Duas éticas em conflito

LUIZ TENÓRIO OLIVEIRA LIMA
ESPECIAL PARA A FOLHA

Num evento público, como esta CPI dos Correios, se entrecruzam, em diversos níveis, o público, a dimensão política dos fatos, e o privado, sua dimensão doméstica, psicológica.
No caso em foco -o depoimento de Renilda de Souza-, a natureza dramática do interrogatório torna-se mais visível, pelo fato de ela ser simultaneamente sócia e mulher de Marcos Valério.

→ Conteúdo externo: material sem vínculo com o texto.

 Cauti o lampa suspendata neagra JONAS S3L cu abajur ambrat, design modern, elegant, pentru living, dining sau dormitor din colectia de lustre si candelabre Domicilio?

Assim, interligaram-se dois planos que revelam na performance uma ambigüidade interessante.
Essa ambigüidade interessa porque decorre da estrutura da situação, para além das estratégias de defesa e de acusação. Como mulher de Marcos Valério, está e se sente ligada ao marido, protege-o, assume-se responsável. Como mãe e dona-de-casa, manifesta-se com ternura e firmeza.
Quanto aos negócios públicos, declara ignorância. Não gosta de política. Desculpa-se. Parece sincera. Está sendo sincera. Embora seja também evidente que se omite e dissimula.

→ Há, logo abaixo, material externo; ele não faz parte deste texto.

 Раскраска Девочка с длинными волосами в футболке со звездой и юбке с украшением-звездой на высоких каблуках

Um senador, ao inquiri-la, parece tocar o núcleo de seu conflito: a lealdade privada ao companheiro de 25 anos ou a lealdade aos princípios que regem a vida coletiva -os princípios republicanos.
Simplificando: a uma ética fundada em princípios, Renilda contrapõe uma ética fundada nos sentimentos. Indagada, ela hesita por alguns segundos, chora, e a sessão é interrompida com o consentimento de todos.
O observador então pode vislumbrar por alguns instantes a dúvida, a ameaça de rompimento da frágil sutura entre expectativas relativas a seu lugar no mundo público, na cidade, e aquelas relativas ao seu futuro e ao futuro da sua relação privada (conjugal e amorosa). Por alguns segundos, a dúvida: valerá a pena o sacrifício? Terá ele, Valério, a mesma lealdade em situação semelhante?
O observador percebe que, nesse momento exato, seu desempenho atinge o ponto mais alto (a emoção sincera expressando o sacrifício dos princípios) e o mais baixo (a dissimulação como forma, não de se proteger, mas de proteger o sócio-cônjuge).
Quando retorna, está refeita, recupera a firmeza e de fato desperta no espectador compreensão e indulgência. É então que o ambiente torna-se mais relaxado. Pode-se perceber nos lapsos de linguagem uma alusão reiterada à ambigüidade de sua situação: mulher e cidadã.
Seu nome é confundido com o nome Karina. O presidente da CPI, Delcídio, diz que o nome Karina lhe ocorreu por lembrar o romance de Tolstói -Anna Karina, corrige "Ana Karênina". Sorrisos. O inconsciente cumpriu seu dever e ao psicanalista não foi necessária nenhuma interpretação.


Luiz Tenório Oliveira Lima é psicanalista, autor de "Freud" (Publifolha)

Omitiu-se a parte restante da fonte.